J.-N.E : J’en reste à ce qu’on peut observer de l’extérieur : il n’y a pas eu d’arrestation, ni avant, ni pendant le 8 avril, il y a eu des déclarations claires de la part de Jean-Marc Ayrault et du Premier ministre qui disaient qu’on ne pouvait pas empêcher le désarmement et qu’il fallait que chacun y contribue, et également les réactions dans l’après-midi du 8 avril de la part du nouveau ministre de l’Intérieur. On voit bien un changement de tonalité très fort. Nous pensons donc que le gouvernement français peut avoir compris qu’en jouant sa propre partition, il aide les choses à bien évoluer et laisse instaurer une situation de dialogue et de paix globale et durable au Pays Basque. Quelques signaux peuvent être interprétés comme participant à une telle évolution comme l’argumentaire du juge qui a ordonné la libération d’Oier Gomez. Son état de santé justifiait sa mise en liberté bien avant, mais le juge s’est également référé au nouveau contexte provoqué par le désarmement de l’organisation ETA. Ce ne sont pas des signaux suffisants pour dire que les choses ont changé, mais oui pour dire que les choses peuvent changer.

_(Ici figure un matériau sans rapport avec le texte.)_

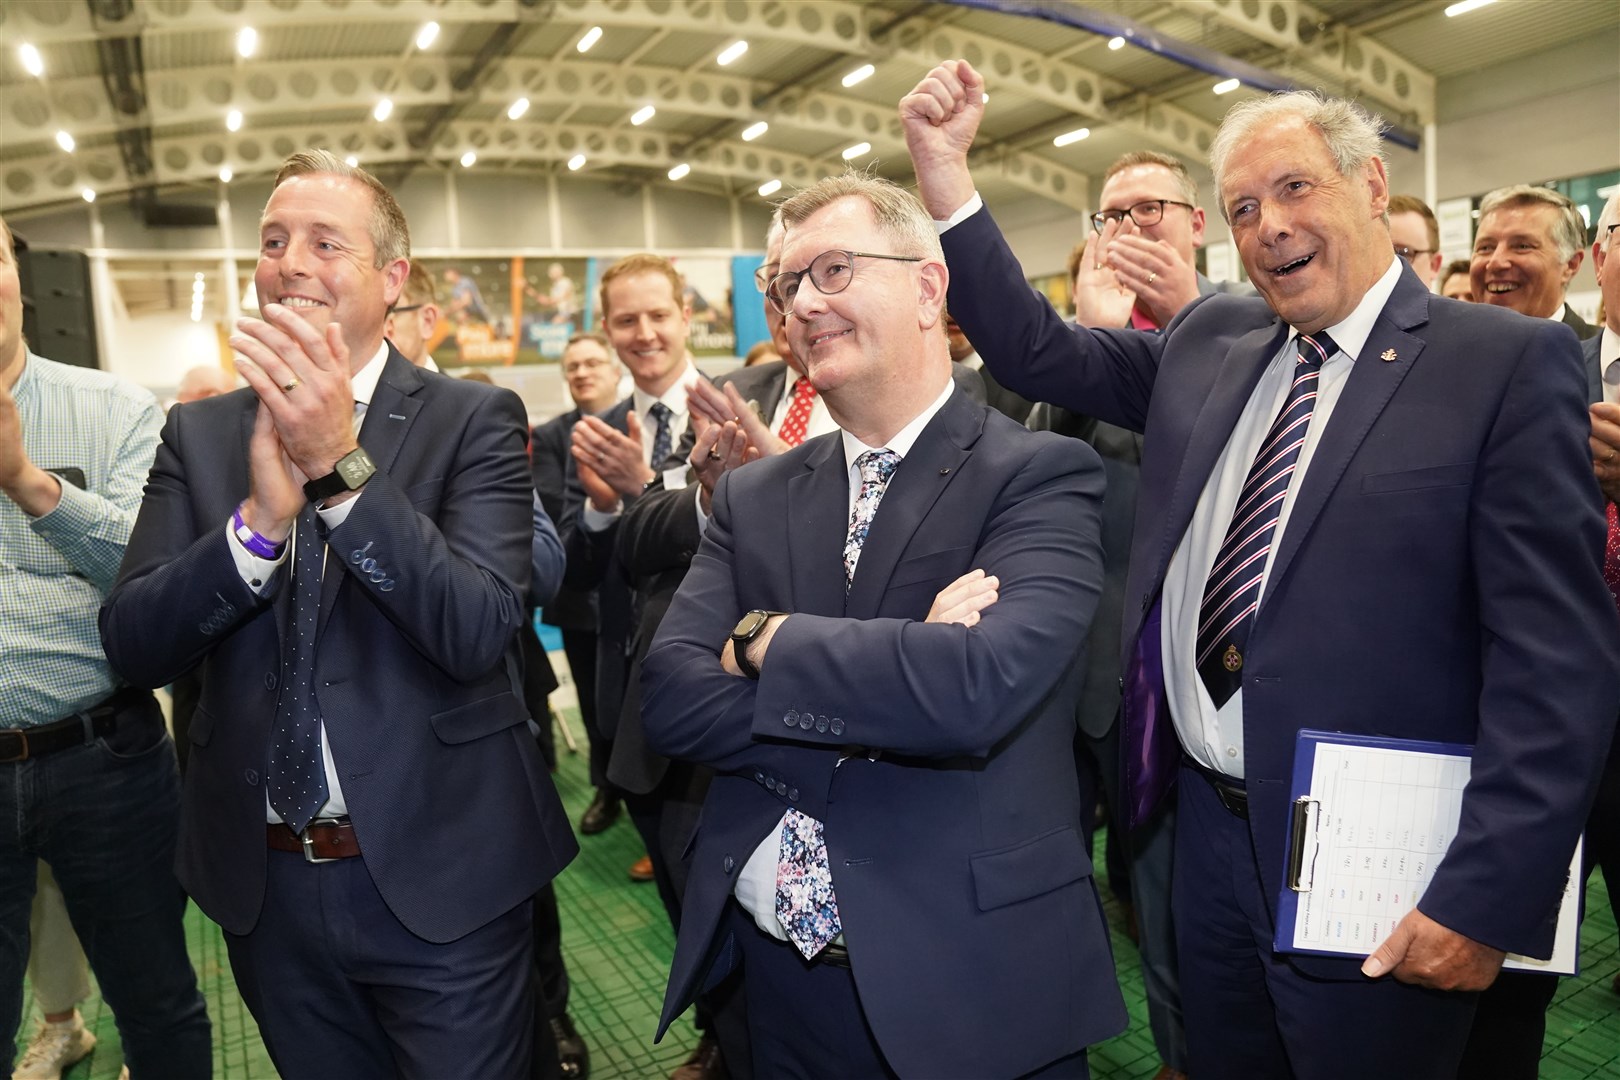 DUP leader Sir Jeffrey Donaldson is elected for the Lagan Valley constituency (Brian Lawless/PA)

Quelles mesures attendez-vous de l’Etat dans l’immédiat ?
J.-N.E : La fin du statut des DPS, le rapprochement des détenus basques incarcérés en France, la libération de prisonniers malades ou de ceux qui s’approchent de la fin de leur peine seraient des avancées très importantes. Ce sont des mesures que nous devons arracher en urgence, pas dans 6-9 mois, mais maintenant. Comme l’ont dit le 23 septembre l’ensemble des élus de la CAPB réunis en conseil communautaire, ces mesures urgentes s’inscrivent dans la perspective du règlement global et définitif du dossier des prisonniers. Personne ne peut imaginer que l’on puisse construire une paix durable et les bases d’un nouveaux vivre-ensemble si on laisse des centaines de prisonniers des dizaines d’années supplémentaires dans les prisons. Il faut également trouver une solution à la situation des exilés.
Le désarmement s’est fait avec un gouvernement socialiste qui a brillé par son immobilisme pendant cinq ans puis a été placé devant le fait accompli. Difficile de mettre devant le fait accompli l’actuel gouvernement sur la question des prisonniers… Quels sont les leviers pour la résoudre ?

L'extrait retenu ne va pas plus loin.